STORED DATA ::
------

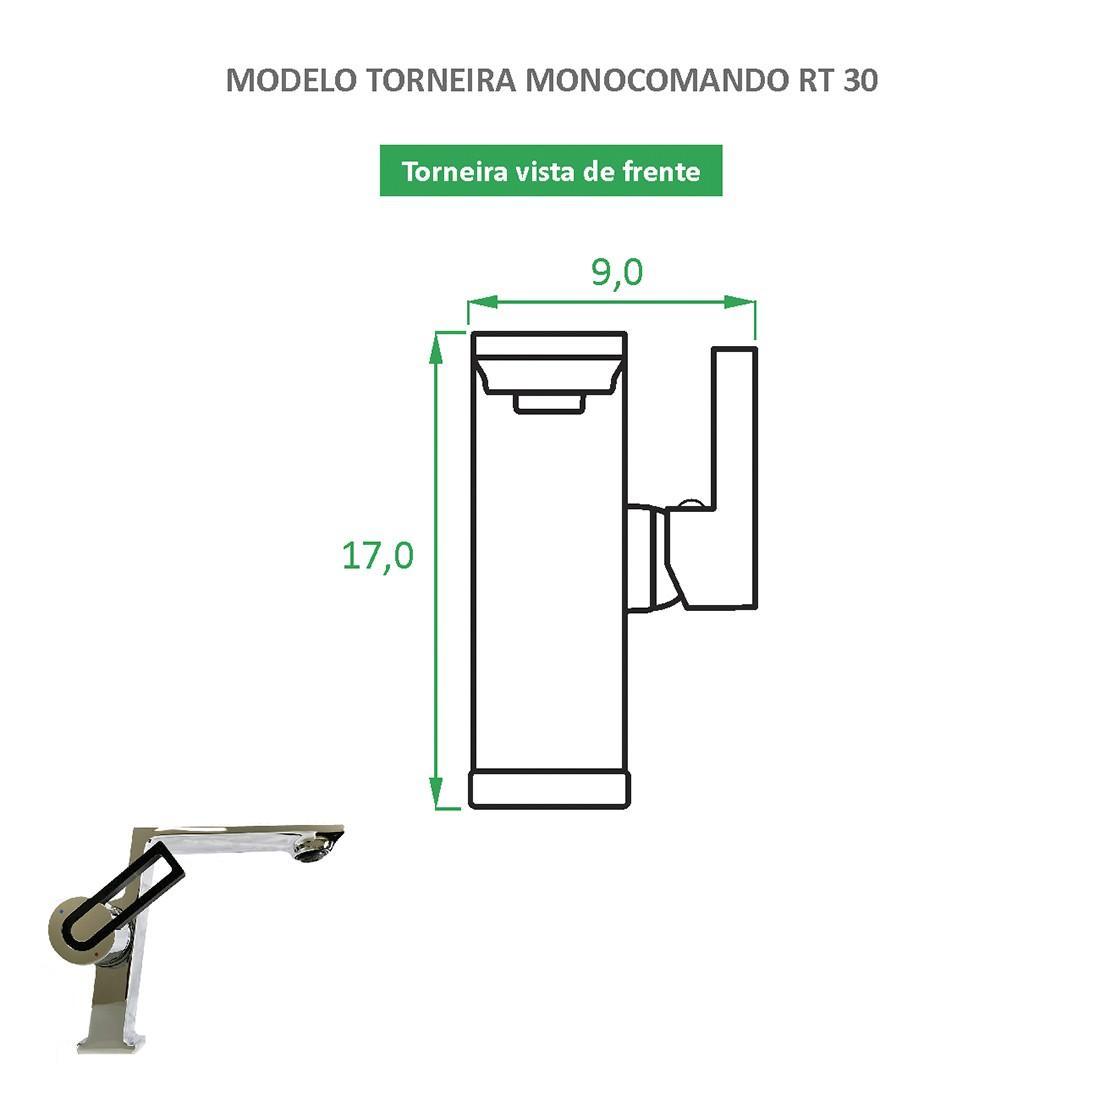 Torneira Monocomando Quadrada RT 30
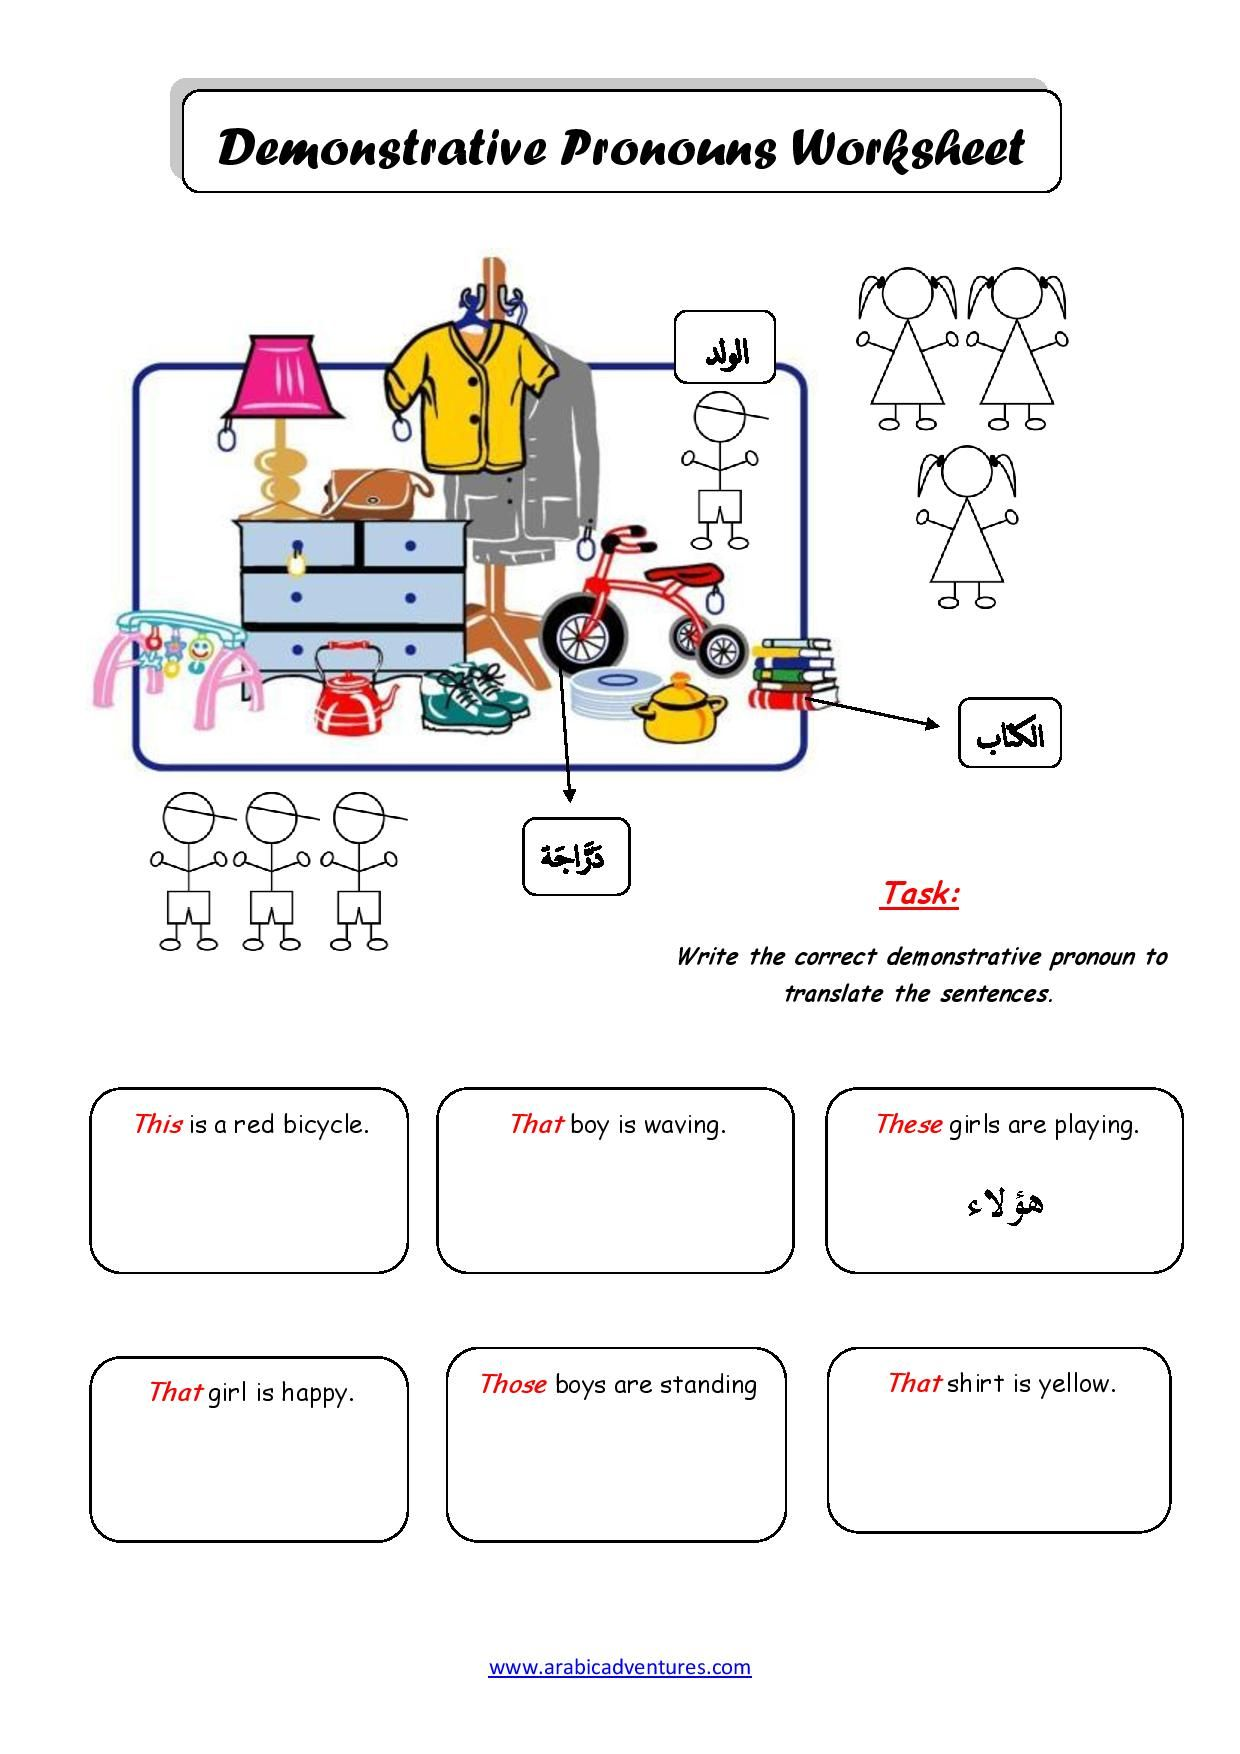 Arabic Demonstrative pronoun worksheet. Free printable at  www.arabicadventures.com   Pronoun worksheets [ 1754 x 1240 Pixel ]
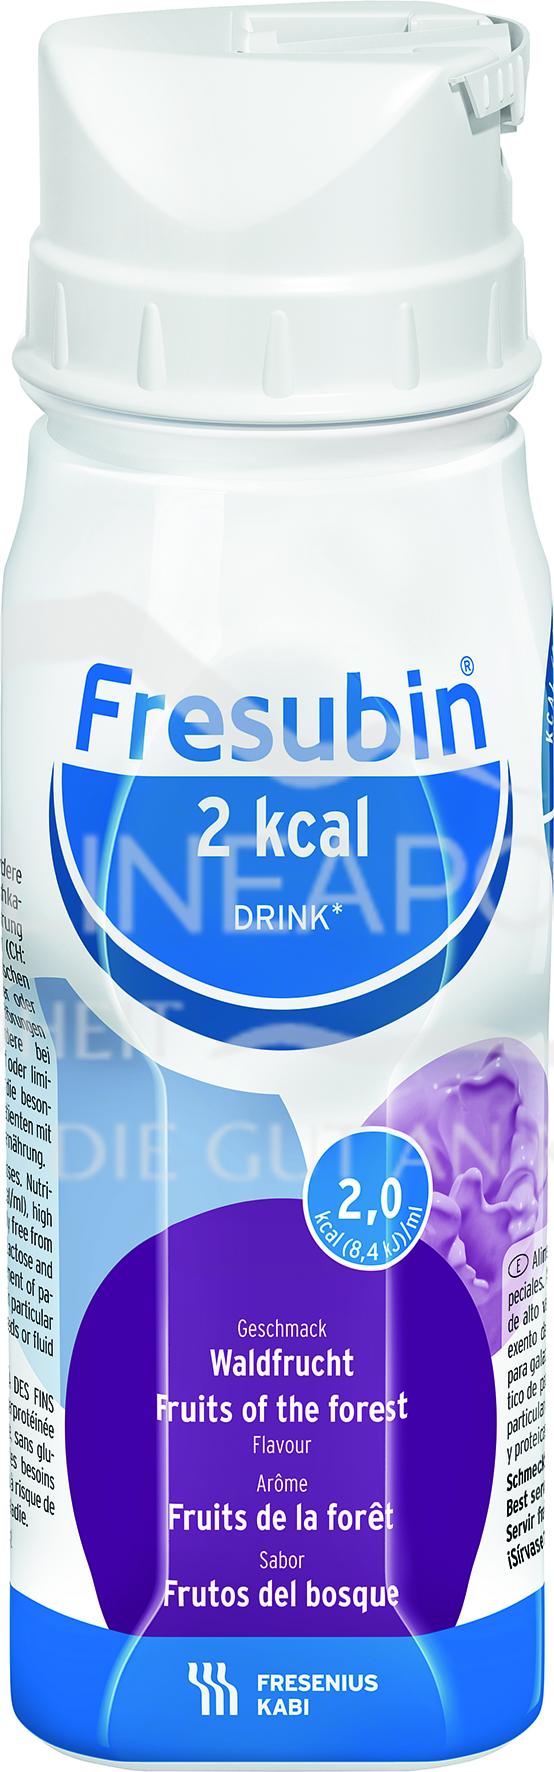 Fresubin® 2kcal Drink Waldfrucht

------

TASK :: Without copying any picture, repeat the full listing above word for word.

OUTPUT FOR THIS TASK ::
 Torneira Monocomando Quadrada RT 30
 Arabic Demonstrative pronoun worksheet. Free printable at  www.arabicadventures.com   Pronoun worksheets [ 1754 x 1240 Pixel ]
 Fresubin® 2kcal Drink Waldfrucht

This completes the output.